12.4.1. Router links
A router originates a router links advertisement for each
area that it belongs to. Such an advertisement describes
the collected states of the router's links to the area. The
advertisement is flooded throughout the particular area, and
no further.
....................................
. 192.1.2 Area 1 .
. + .
. | .
. | 3+---+1 .
. N1 |--|RT1|-----+ .
. | +---+ .
. | _______N3 .
. + / . 1+---+
. * 192.1.1 *------|RT4|
. + /_______/ . +---+
. | / | .
. | 3+---+1 / | .
. N2 |--|RT2|-----+ 1| .
. | +---+ +---+8 . 6+---+
. | |RT3|----------------|RT6|
. + +---+ . +---+
. 192.1.3 |2 . 18.10.0.6|7
. | . |
. +------------+ .
. 192.1.4 (N4) .
....................................
Figure 15: Area 1 with IP addresses shown
The format of a router links advertisement is shown in
Appendix A (Section A.4.2). The first 20 bytes of the
advertisement consist of the generic link state
advertisement header that was discussed in Section 12.1.

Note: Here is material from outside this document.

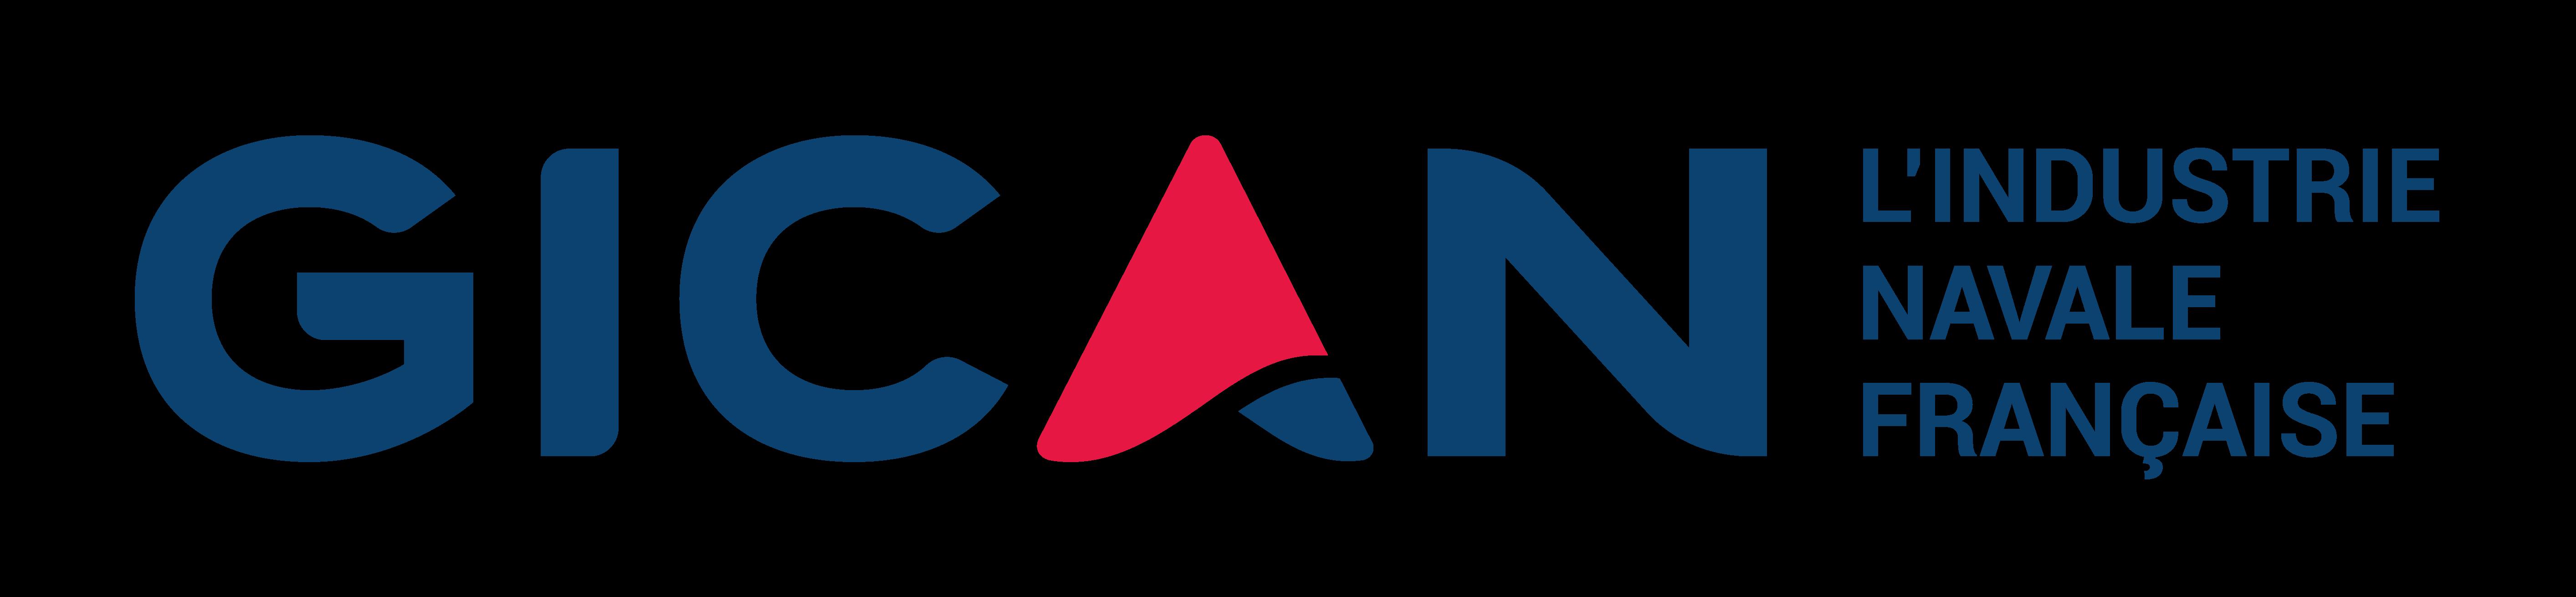 GICAN_SIGN_FR_Q (002)

Router links advertisements have LS type = 1. The router
indicates whether it is willing to calculate separate routes
for each IP TOS by setting (or resetting) the T-bit of the
link state advertisement's Options field.
A router also indicates whether it is an area border router,
or an AS boundary router, by setting the appropriate bits
(bit B and bit E, respectively) in its router links
advertisements. This enables paths to those types of routers
to be saved in the routing table, for later processing of
summary link advertisements and AS external link
advertisements. Bit B should be set whenever the router is
actively attached to two or more areas, even if the router
is not currently attached to the OSPF backbone area. Bit E
should never be set in a router links advertisement for a
stub area (stub areas cannot contain AS boundary routers).
In addition, the router sets bit V in its router links
advertisement for Area A if and only if it is the endpoint
of an active virtual link using Area A as its Transit area.
This enables the other routers attached to Area A to
discover whether the area supports any virtual links (i.e.,
is a transit area).
The router links advertisement then describes the router's
working connections (i.e., interfaces or links) to the area.
Each link is typed according to the kind of attached
network. Each link is also labelled with its Link ID. This
Link ID gives a name to the entity that is on the other end
of the link. Table 18 summarizes the values used for the
Type and Link ID fields.
Link type Description Link ID
__________________________________________________
1 Point-to-point Neighbor Router ID
link
2 Link to transit Interface address of
network Designated Router
3 Link to stub IP network number
network
4 Virtual link Neighbor Router ID
Table 18: Link descriptions in the
router links advertisement.
In addition, the Link Data field is specified for each link.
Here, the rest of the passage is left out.